┌──
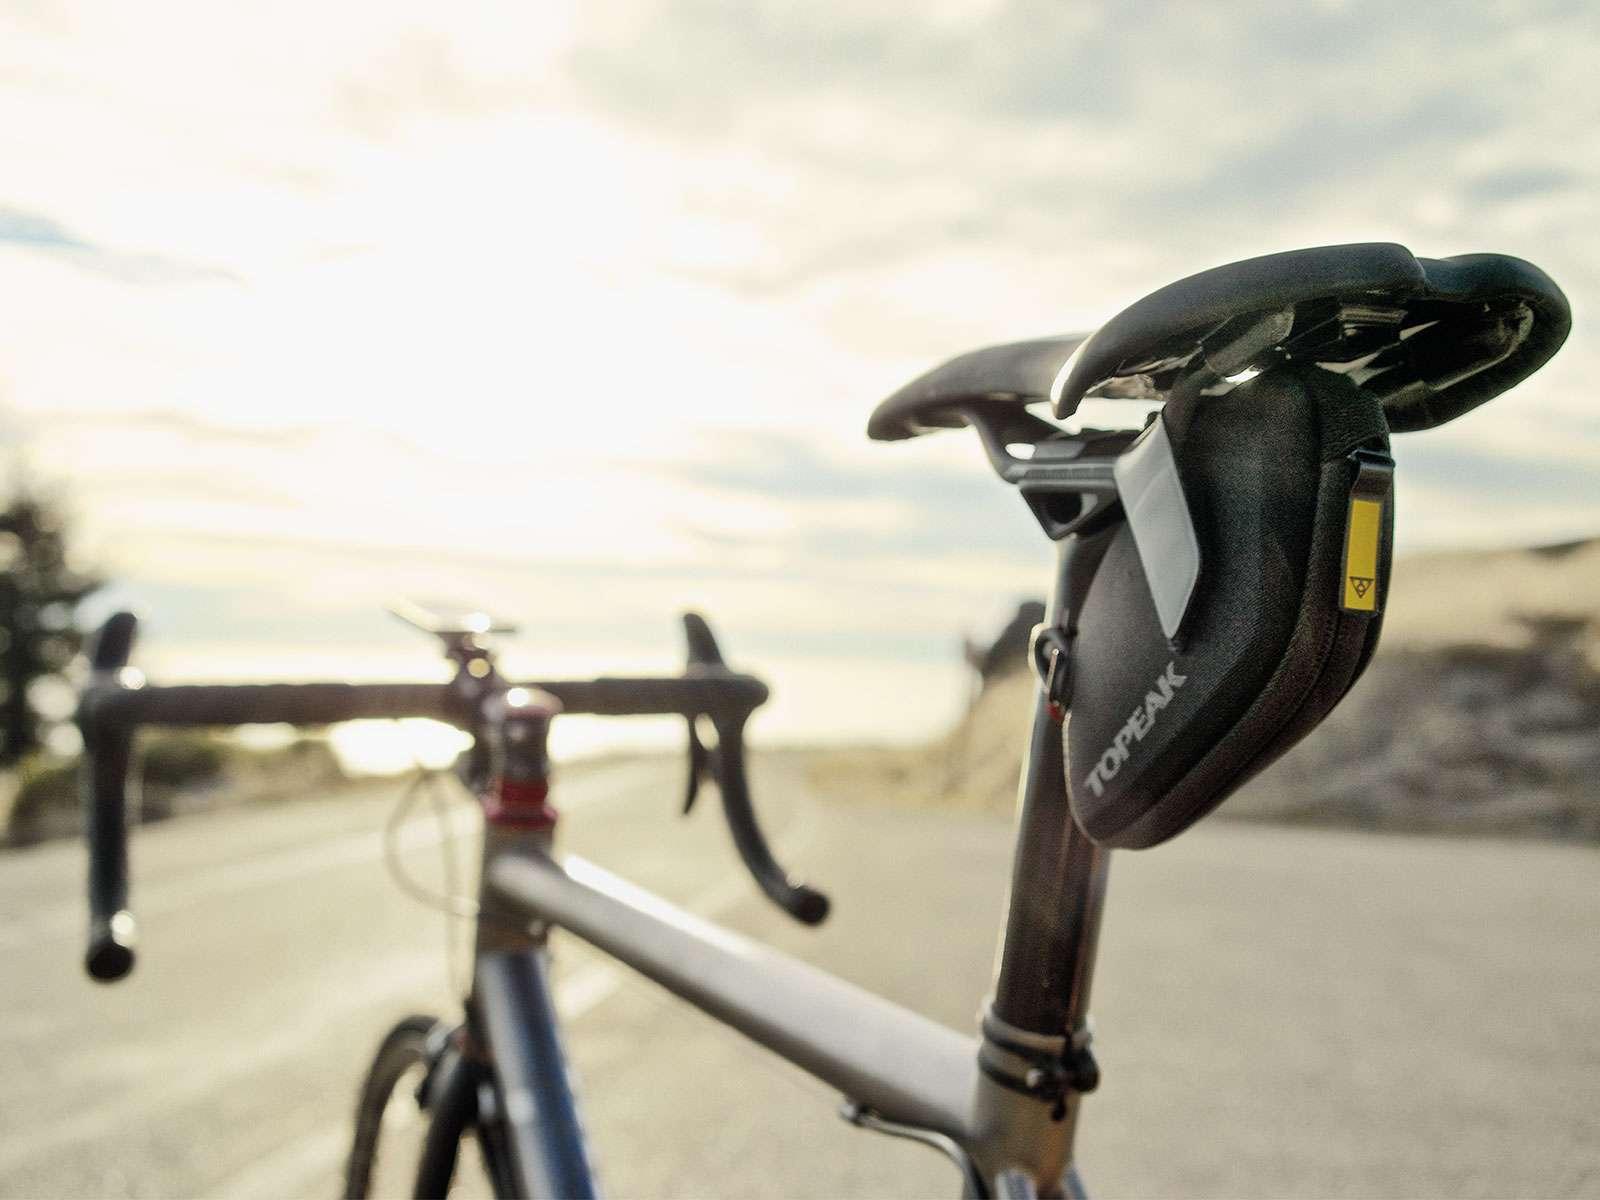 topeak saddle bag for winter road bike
└──
┌──
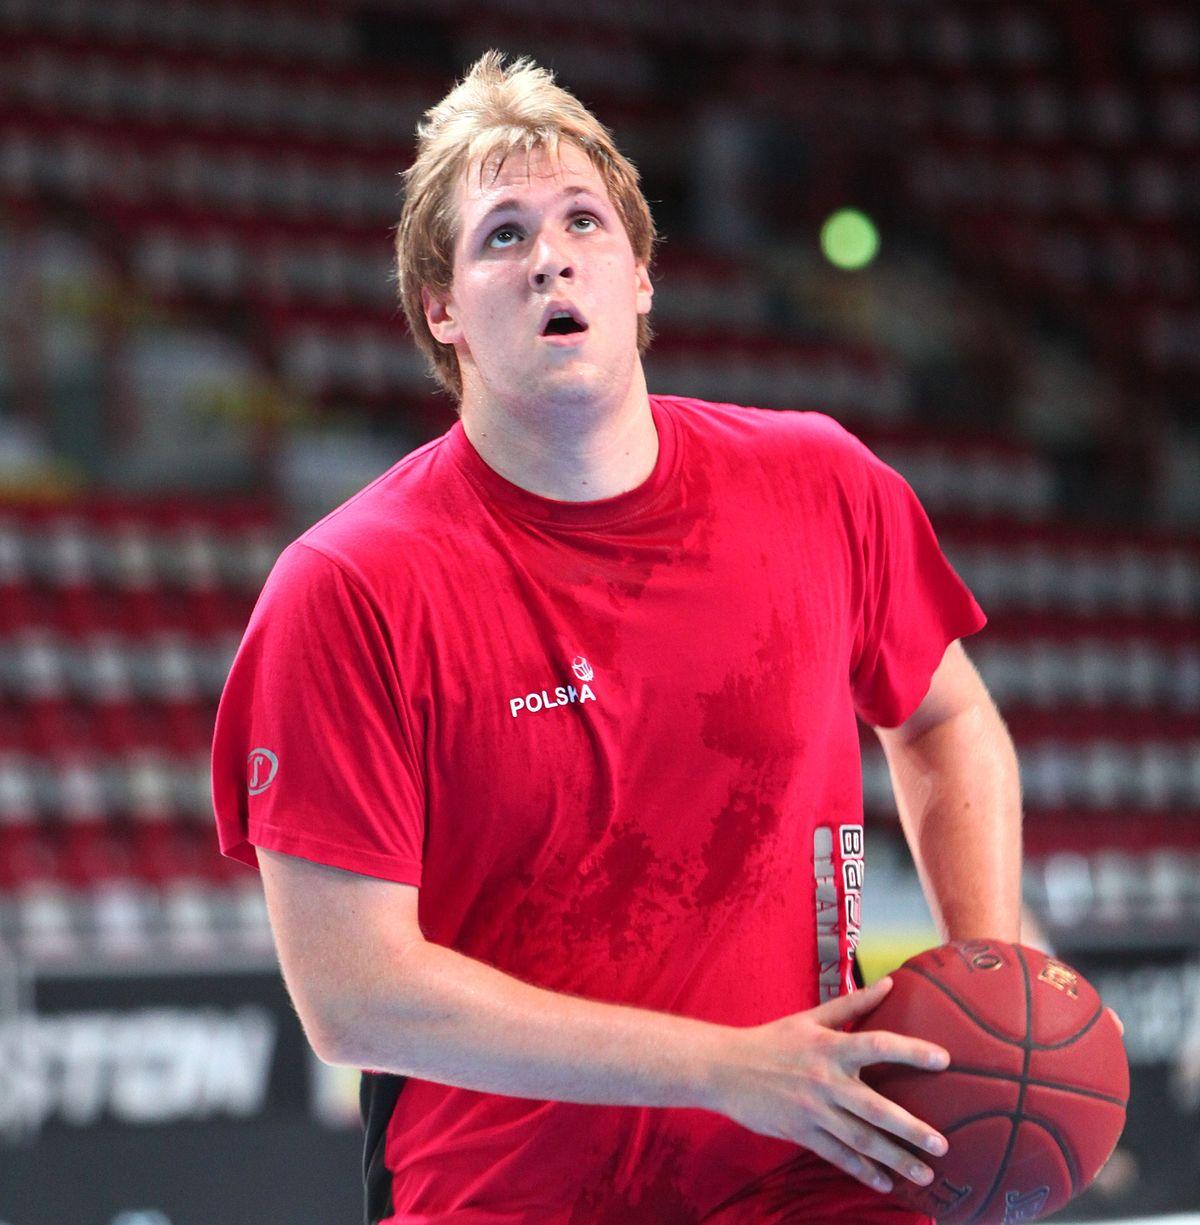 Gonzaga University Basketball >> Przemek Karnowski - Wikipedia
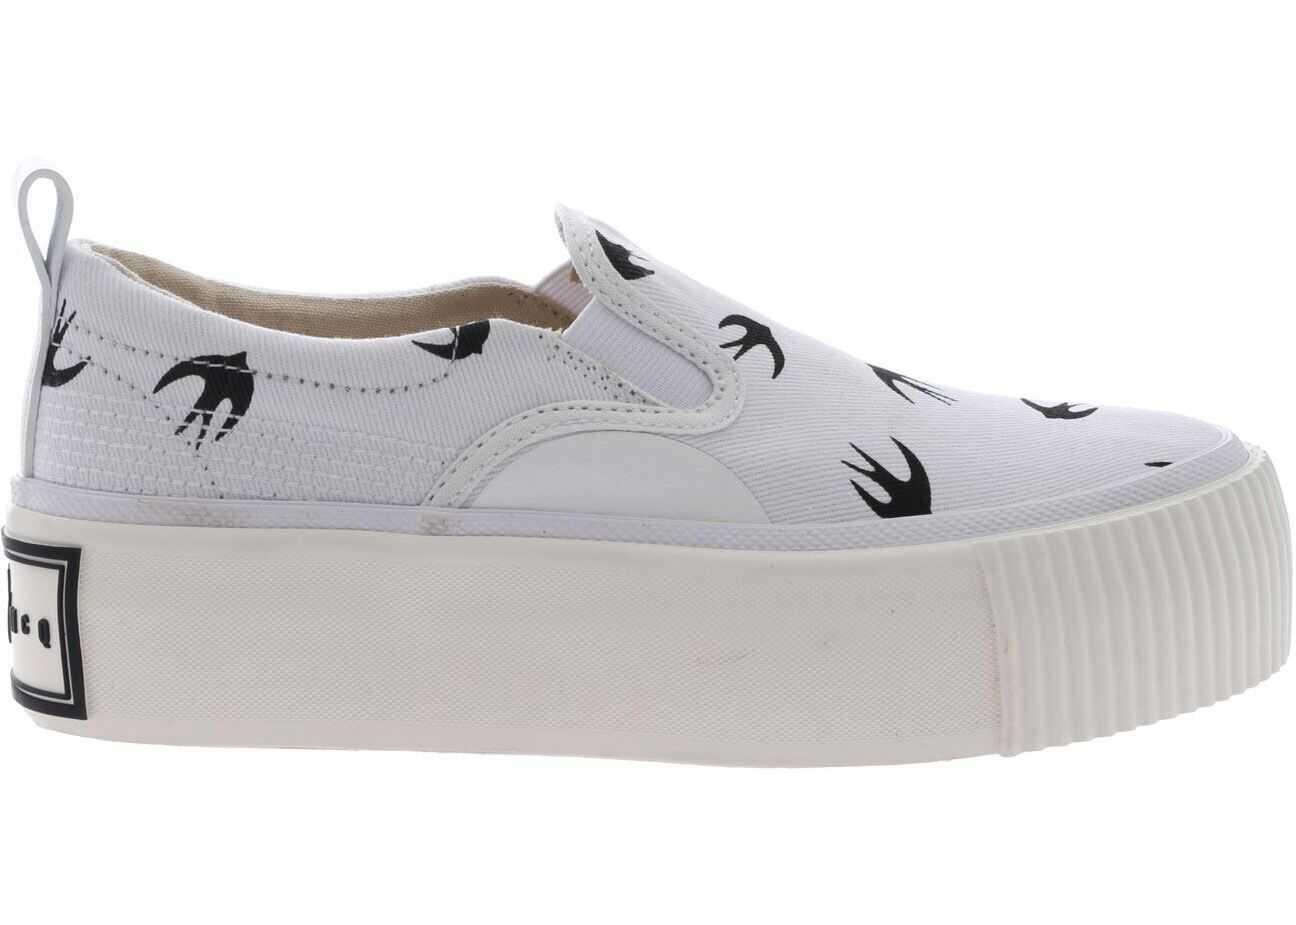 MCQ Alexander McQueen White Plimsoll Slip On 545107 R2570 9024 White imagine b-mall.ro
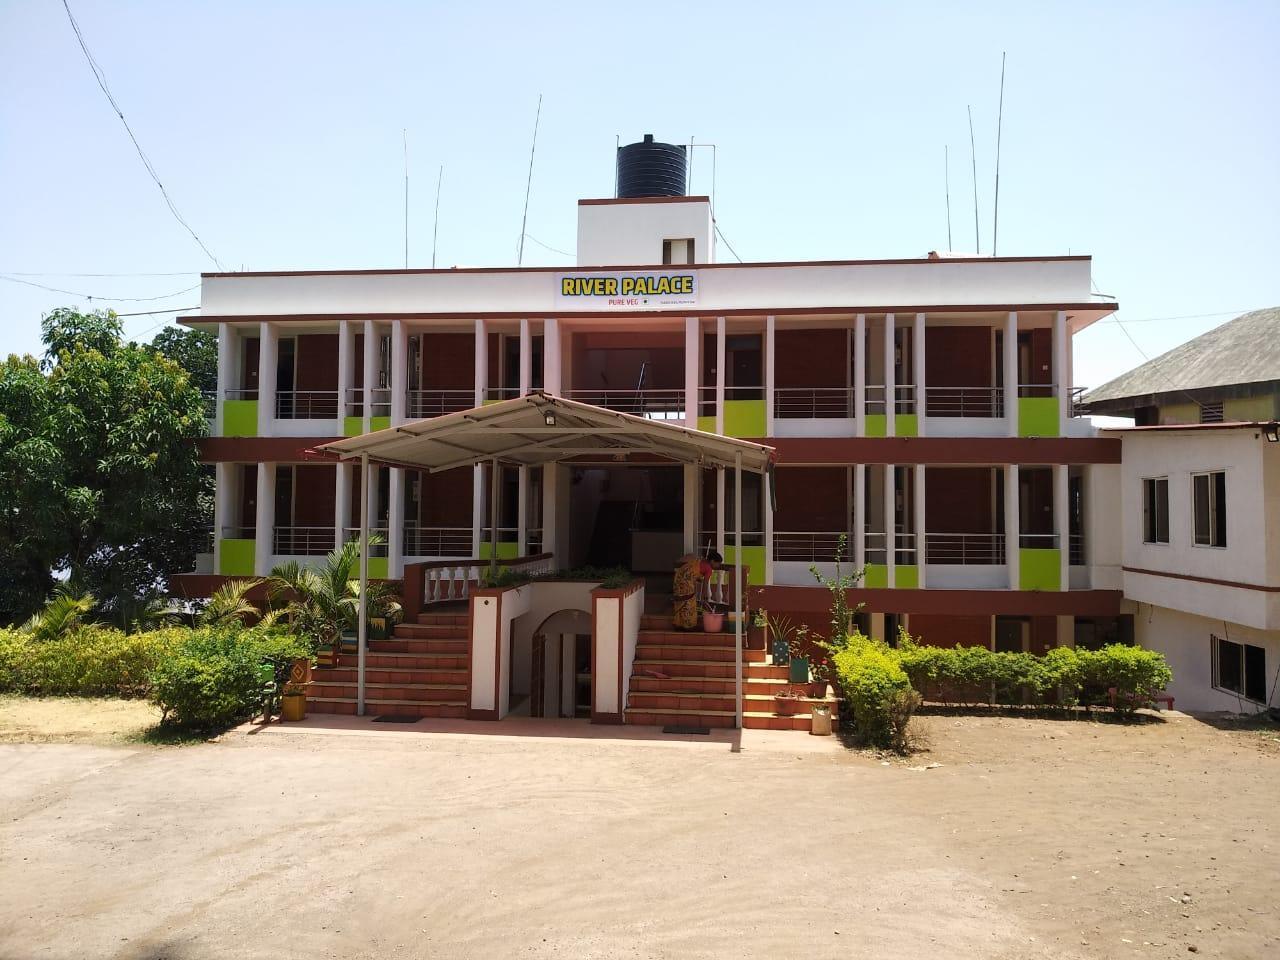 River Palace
└──
┌──
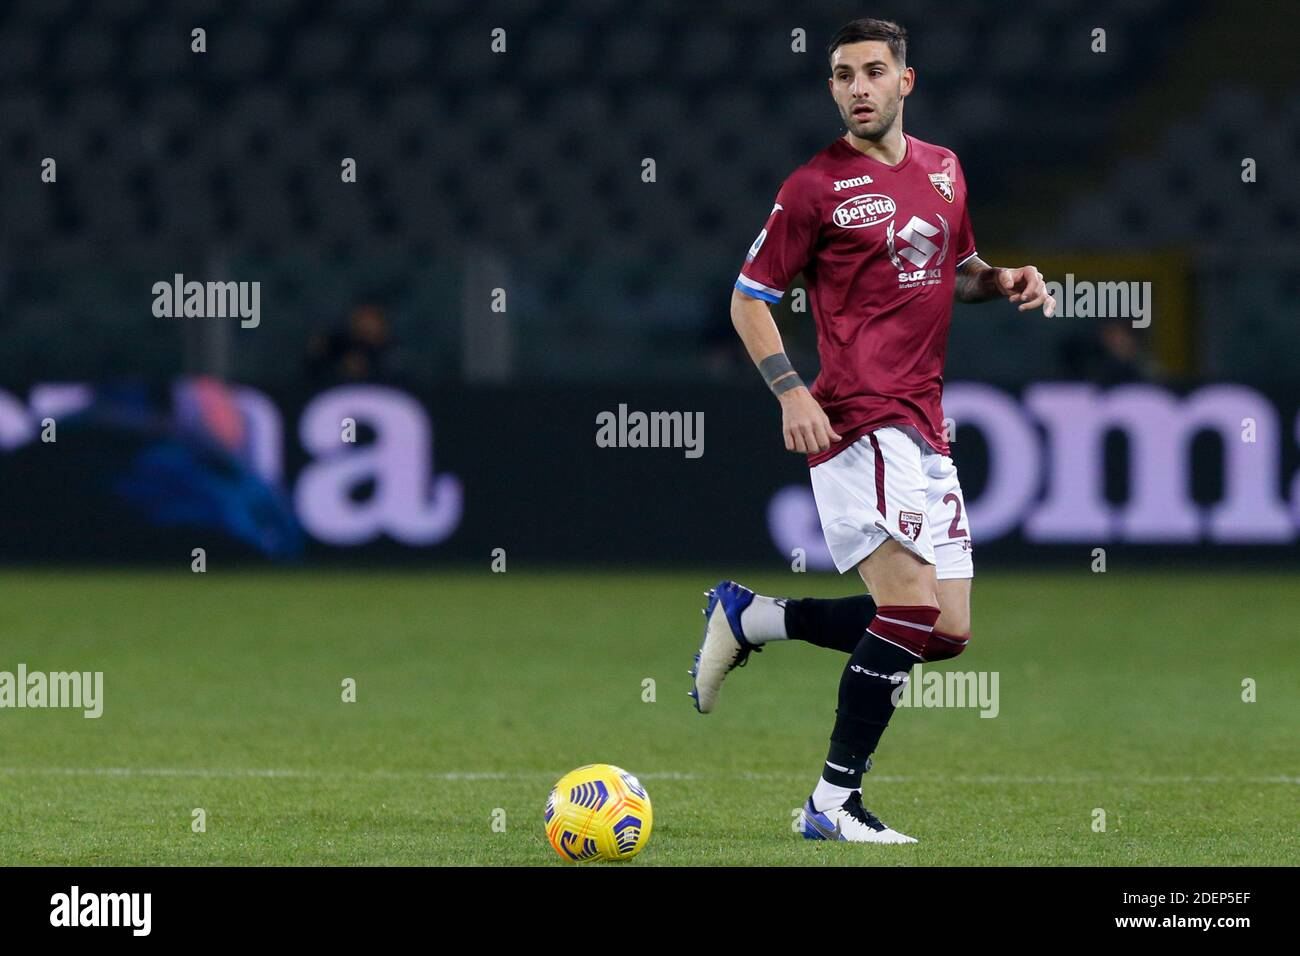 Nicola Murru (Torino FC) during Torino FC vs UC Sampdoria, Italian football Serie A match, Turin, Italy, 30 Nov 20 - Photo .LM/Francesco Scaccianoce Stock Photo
└──
# [Exercise]
Extract, without any images, the part of the material above that opens with the line containing "MCQ Alexander McQueen" and closes with the line containing "River Palace", both lines included.

# [Output for this exercise]
 MCQ Alexander McQueen White Plimsoll Slip On 545107 R2570 9024 White imagine b-mall.ro
 River Palace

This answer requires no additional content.